Figure 14 reports the average percentage of unmatched DDs and ODs for different joining rates over the entire time horizon. We observe that the percentage of unmatched DDs (cf. Figure 14(a)) is higher than the percentage of unmatched ODs, especially when $q^{DD}$ is high. For high $q^{DD}$ , the percentage of unmatched DDs amounts to $60 %$ . The percentage of unmatched ODs is lower and amounts to a constant value of $10 %$ across different joining rates (cf. Figure 14(b)).

Figure 14.

Percentage of unmatched CDs when the resignation probability does not depend on the number of unmatched CDs. The $z$ -axis is logarithmically scaled. (a) Percentage of unmatched DDs; (b) Percentage of unmatched ODs. CDs = crowdsourced drivers; DDs = dedicated gig-drivers; ODs = opportunistic gig-drivers.

As the joining rate grows, CD supply surpasses demand, and the LSP can no longer outsource demand to CDs. Furthermore, the higher quotient of unmatched DDs is plausible since more DDs are active on the operational level than ODs due to their higher $ζ^{DD}$ . Hence, they are more likely to be active when there is no demand.

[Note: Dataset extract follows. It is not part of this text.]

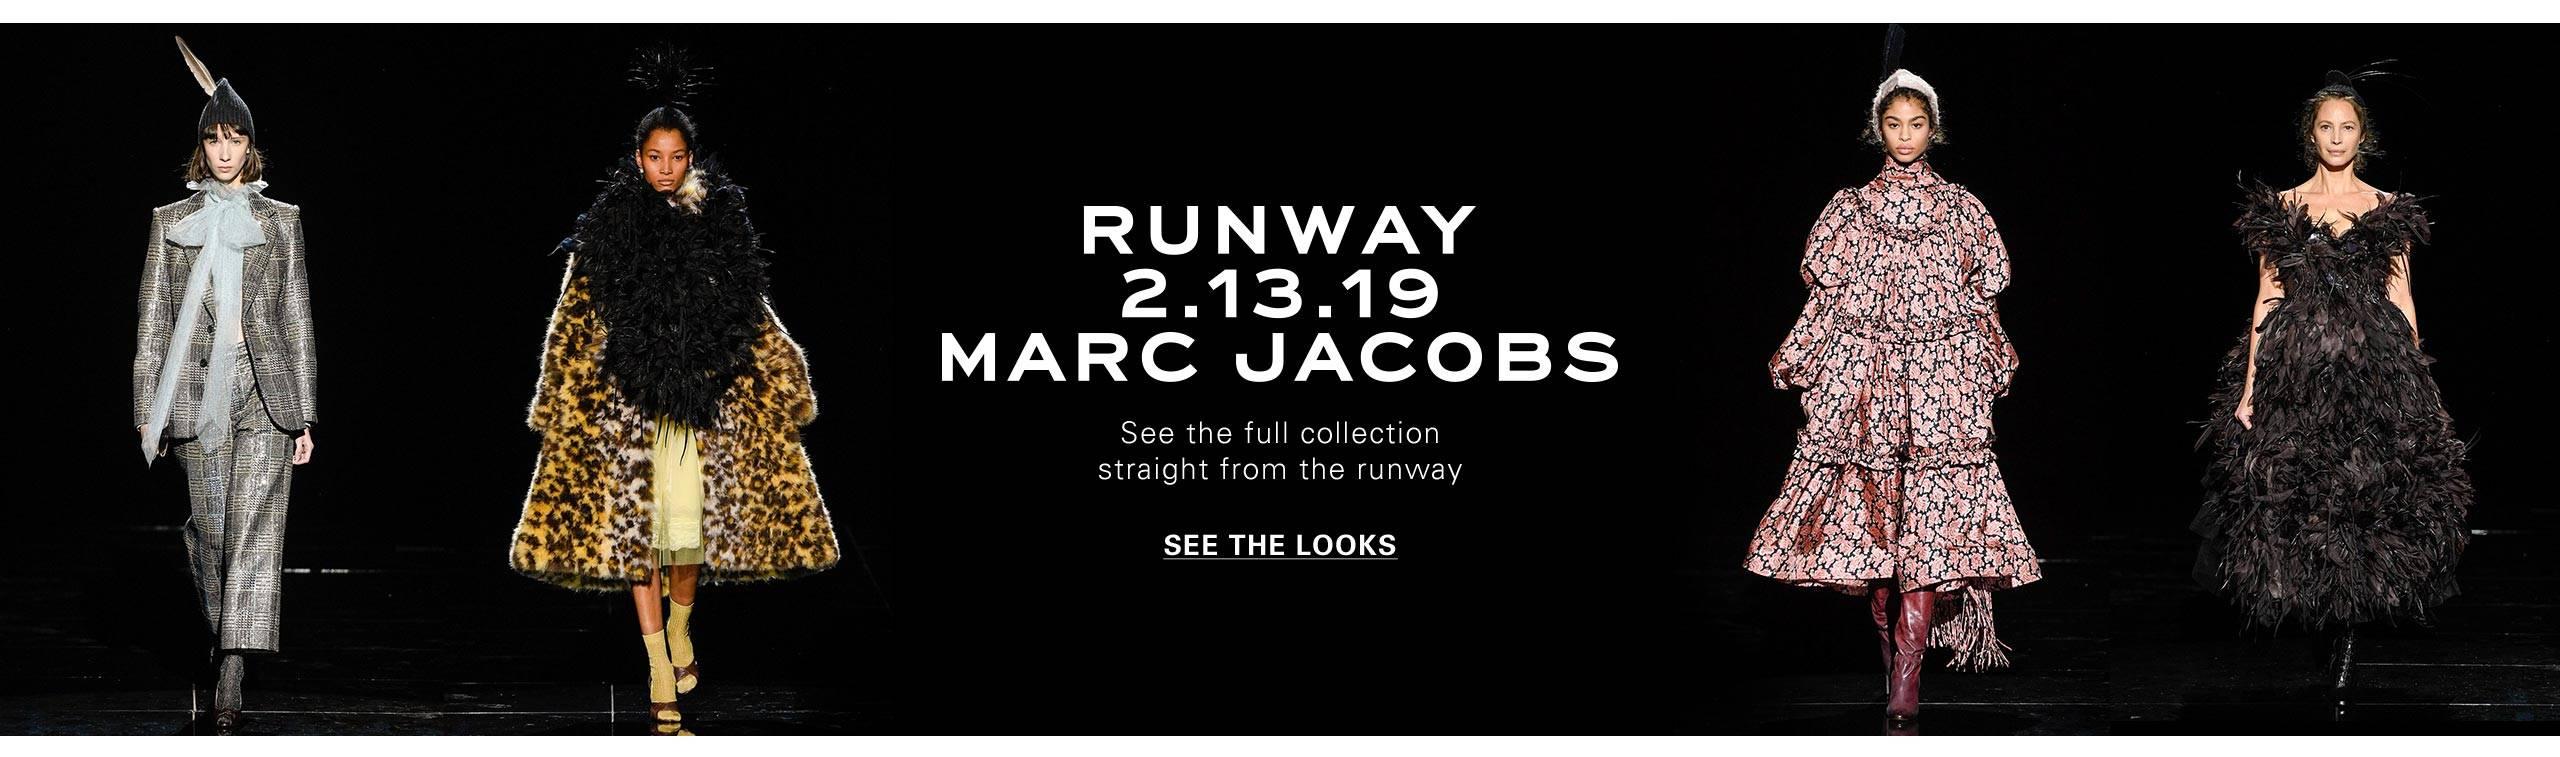 Marc Jacobs - Runway 2.13.2019 41f2c48d5522

Figure 15 shows the number of unmatched CDs now assuming that CDs’ resignation probability depends on $s_{i j}^{α}$ (cf. equation (4.2)). Overall, the quotient of unmatched CDs is significantly lower than in Figure 14. Moreover, the difference between DDs and ODs is small. Both have a relatively constant ratio of unmatched drivers across joining rates of around $10 %$ . The lower ratio of unmatched DDs is plausible, as the DDs’ resignation probability depends on the number of DDs unmatched. Hence, it can significantly surpass the base case resignation probability of 0.01 and, therefore, the joining rate. When DDs leave the LSP’s platform at a higher rate than joining it, the LSP accumulates fewer DDs than in the case when the resignation probability has a constant value of 0.01. Fewer DDs imply less unmatched DDs. In Figure 16, we show the difference in the number of SDs and CDs in the final time step $t = T$ between the case wherein the resignation probability depends and wherein the resignation probability does not depend on the percentage of unmatched CDs. We observe that the LSP hires more than 100 additional SDs and has significantly less CDs at their disposition when the resignation probability depends on the number of unmatched CDs. The lower CD supply urges the LSP to hire more SDs to ensure high service levels.

Figure 15.

Percentage of unmatched CDs when CDs’ resignation probability depends on number of unmatched CDs. The $z$ -axis is logarithmically scaled. (a) Percentage of unmatched DDs; (b) percentage of unmatched ODs. CDs = crowdsourced drivers; DDs = dedicated gig-drivers; ODs = opportunistic gig-drivers.

Figure 16.

Difference between the total number of drivers when resignation probability depends on the number of unmatched CDs and when it does not. The $z$ -axis is logarithmically scaled. (a) Difference for SDs; (b) Difference for DDs; (c) Difference for ODs. CDs = crowdsourced drivers; SDs = salaried drivers; DDs = dedicated gig-drivers; ODs = opportunistic gig-drivers.

Result 11

The LSP has to hire $\geq 100$ more SDs, when the resignation probability depends on the number of unmatched CDs, as the effective CD supply is significantly lower.

6. Conclusion

In this article, we studied the strategic workforce planning of an LSP providing on-demand delivery services with a mixed fleet of couriers consisting of SDs and CDs. We integrated long-term strategic SD hiring decisions and short-term operational decisions regarding driver dispatching. We formalized the strategic hiring and firing problem as an MDP and solved it with approximate dynamic programming based on piecewise linear value function approximation, which allows us to study large-scale instances. We incorporated operational costs in the MDP’s cost function using a fluid approximation to account for delivery operations.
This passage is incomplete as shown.